Under the terms of SEDA-backed Loan Agreement in respect of Initial Advance in January 2012 Yorkville has been granted 15,000,000 warrants exercisable within 2 years with an exercise price of £0.018 ($0.028) per share. These warrants expired on January 31, 2014.
The change in the fair value of the warrants results in derivative income of $0.0 million for 2014 and 2013. The Company determined the fair value of these warrants as of December 31, 2013 using the following assumptions: risk-free interest rates ranging from 0.09% to 0.12%, expected volatilities ranging from 48.41% to 85.69%, no expected dividend yield and terms ranging from 0.08 years to 0.59 years.
4. Directors' Remuneration and Related Party Transactions
No remuneration was received by each director in his capacity of director of the Company during the 2014 financial year.
In conjunction with an ongoing consulting agreement, a director of the Company received consulting fees for the years ended December 31, 2014 and 2013 of $275,000 and $275,000, respectively.
Additionally the Company entered into a series of Notes Payable with two of the Company's officers.
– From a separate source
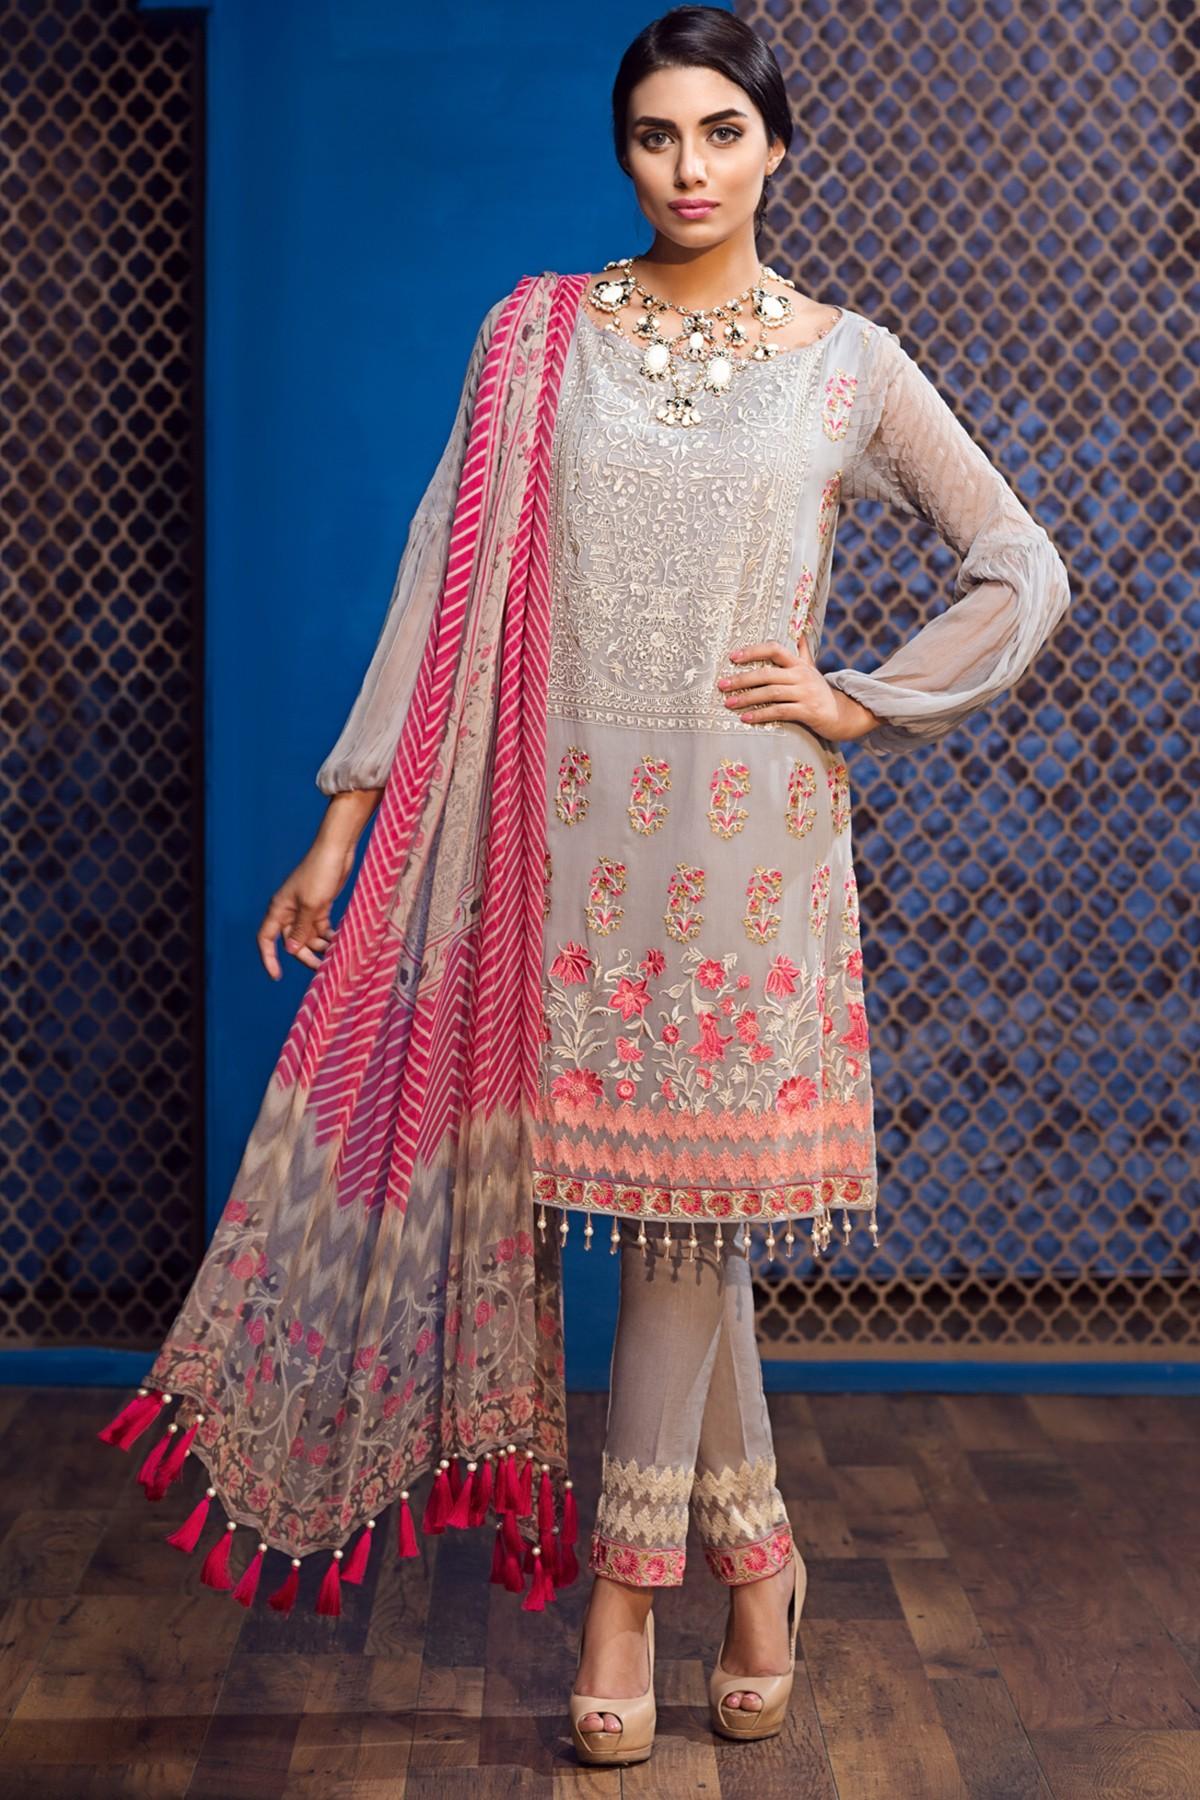 Khaadi Lawn Chiffon Eid Dresses Designs Collection 2017-2018 (19)

During 2013, $5.2 million in principal was borrowed. During 2014, the Company borrowed an additional $2.1 million in principal.
5. Subsequent Events
In April 2015, the Company raised $1.3 million through a draw down on the Standby Equity Distribution Agreement ("SEDA") with YA Global Master SPV Ltd. and issued 88,497,626 new ordinary shares of $0.00004 each in the Company. The proceeds have been used to repay the Company's outstanding corporate debt under the terms of the SEDA-Backed Loan Agreement entered into with YA Global Master SPV Ltd.
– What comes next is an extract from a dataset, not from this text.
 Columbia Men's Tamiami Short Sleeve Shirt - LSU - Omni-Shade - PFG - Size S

In May 2015, the Company successfully completed an equity fund raising initiative of GBP 2.8 million (approximately $4.3 million) by way of subscription for 350,000,000 new ordinary shares of $0.00004 each with certain institutional investors. Simultaneously the Company's authorized share capital has been increased to 4,350,000,000.
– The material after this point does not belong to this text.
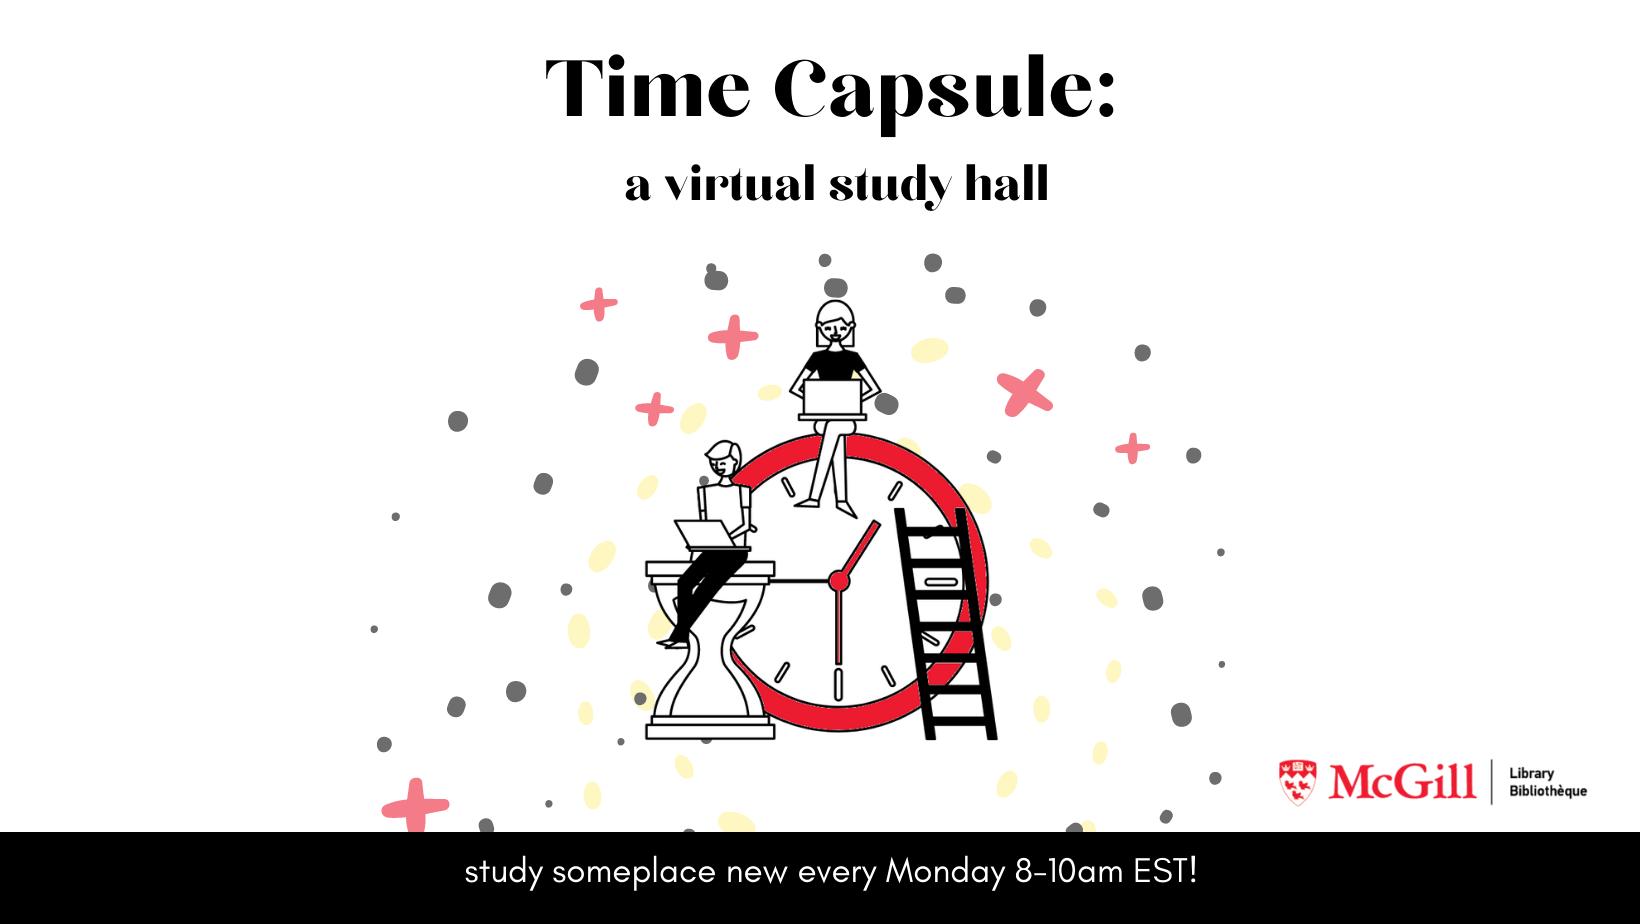 time capsule study halls every monday 8-10am EST

Events occurring after December 31, 2014 were evaluated through June 29, 2015, the date this report was available to be issued, to ensure that any subsequent events meeting the criteria for recognition or disclosure were included.
6. Posting of the Annual Report and Accounts
The Company's Annual Report and Accounts will be distributed to all shareholders via the Company's website, www.fronteraresources.com.